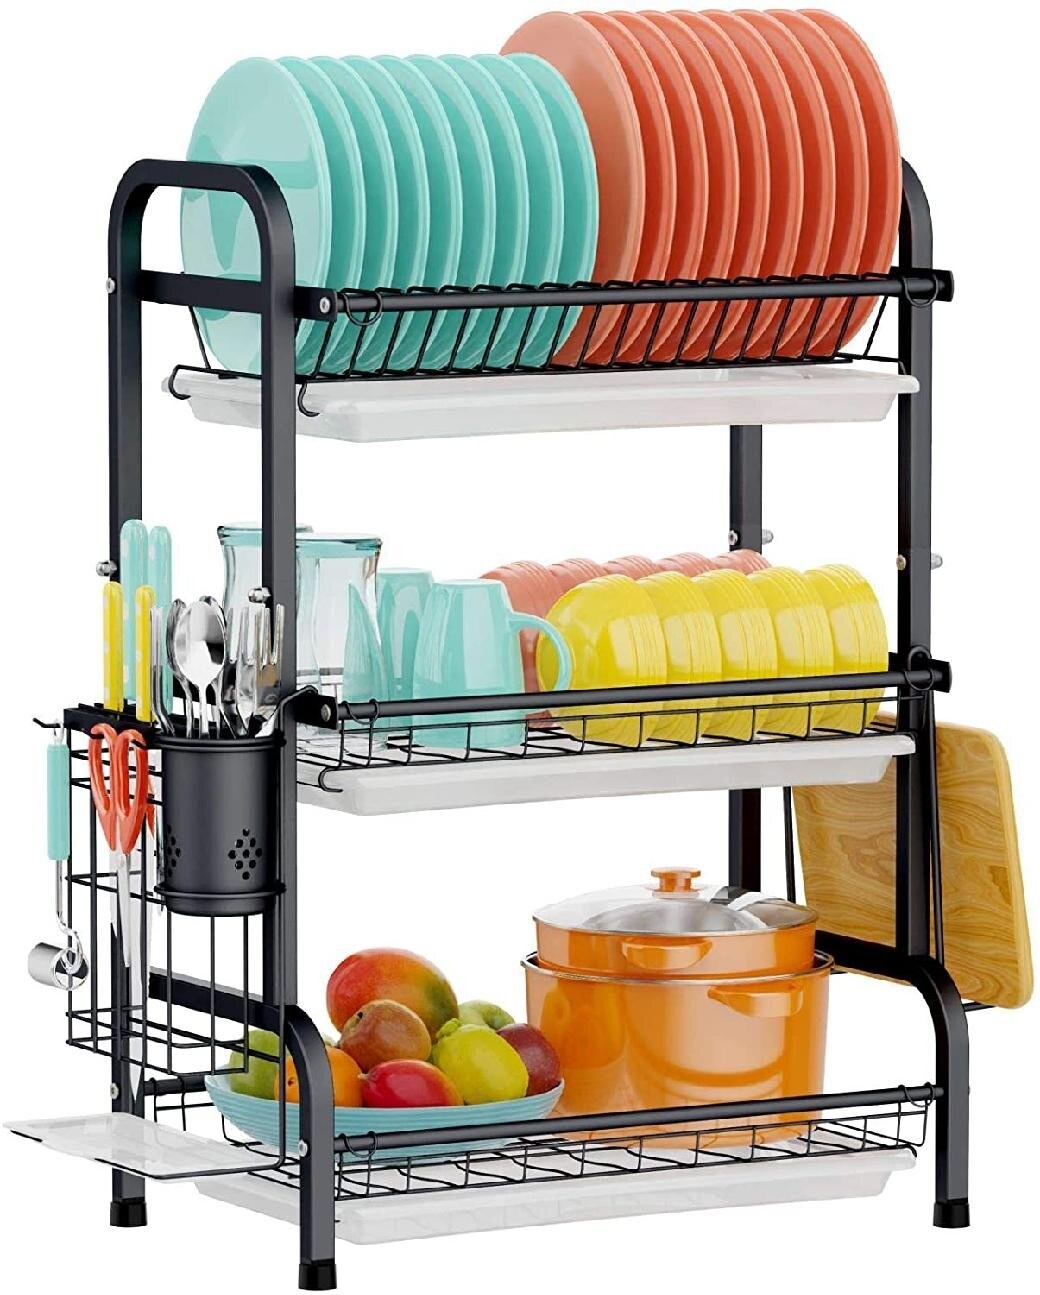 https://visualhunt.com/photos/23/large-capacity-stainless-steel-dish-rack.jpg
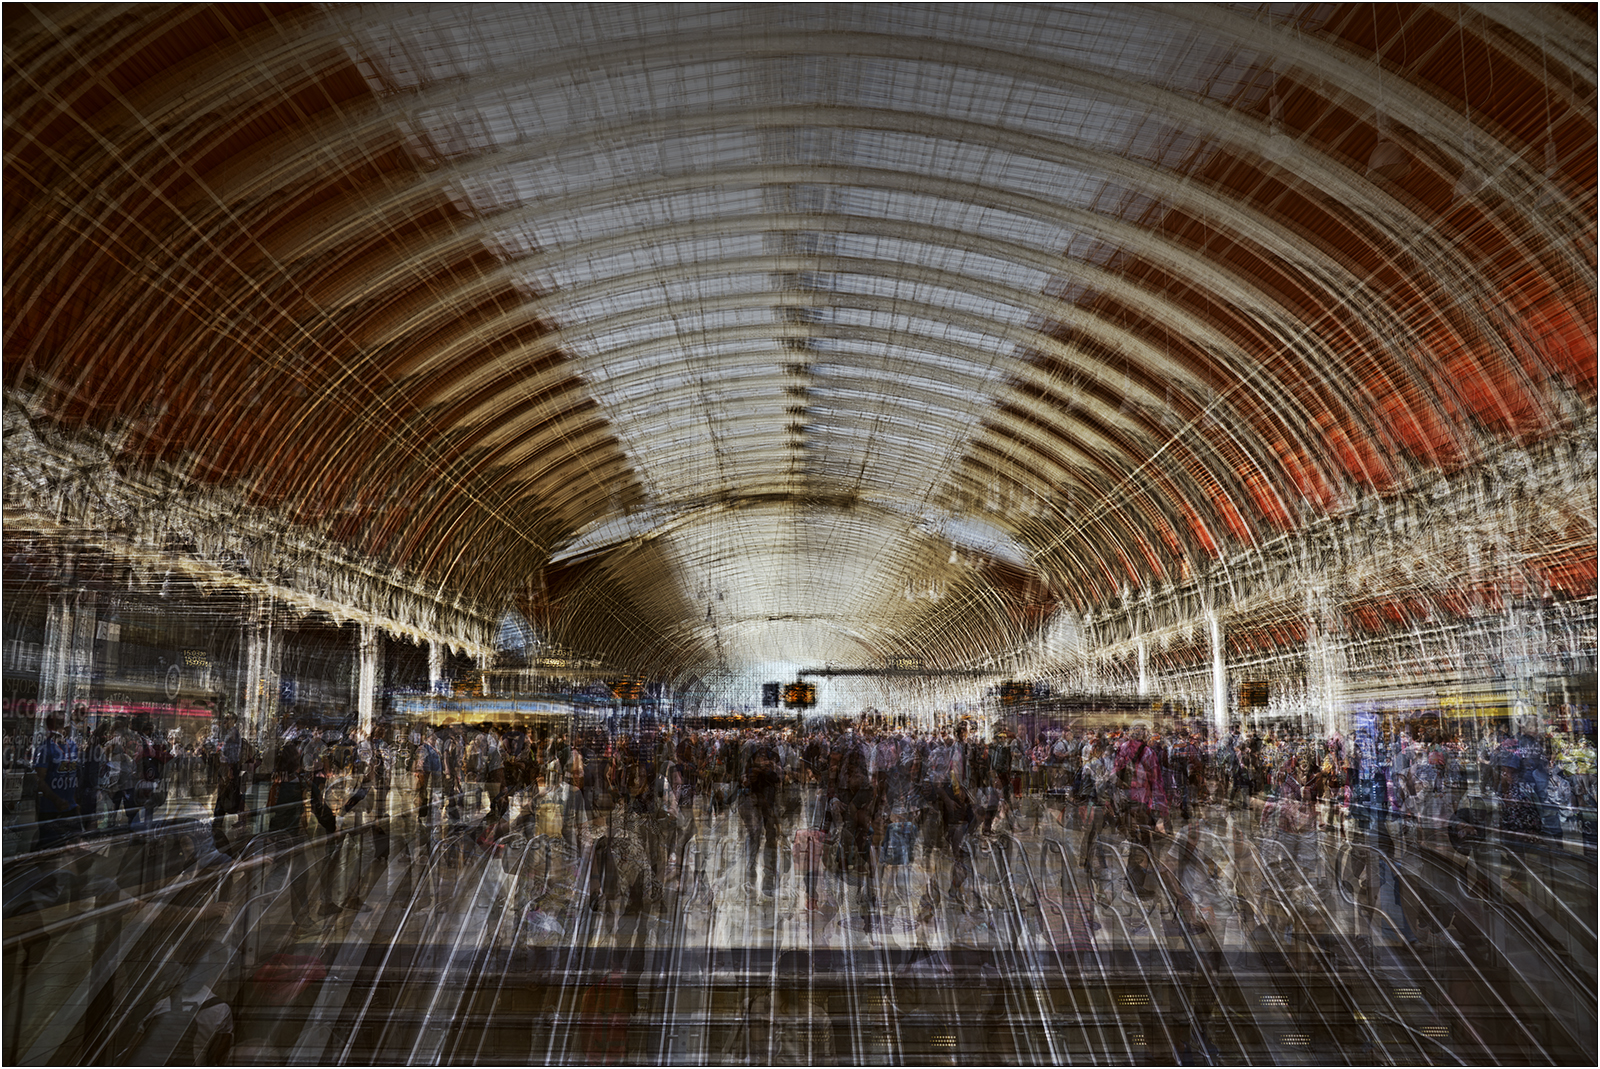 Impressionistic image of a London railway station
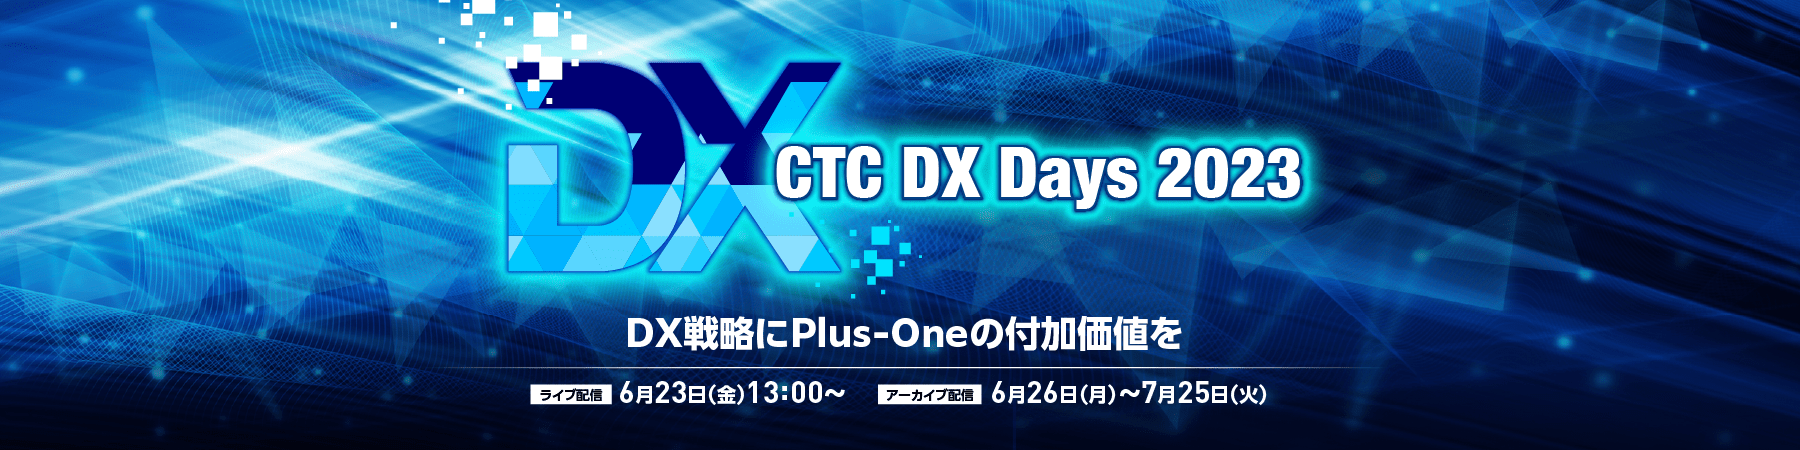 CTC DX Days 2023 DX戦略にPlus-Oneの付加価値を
_____
What the task asks =
Set down all of the material word for word, but keep each picture out.

Completed exercise =
 https://visualhunt.com/photos/23/large-capacity-stainless-steel-dish-rack.jpg
 Impressionistic image of a London railway station
 CTC DX Days 2023 DX戦略にPlus-Oneの付加価値を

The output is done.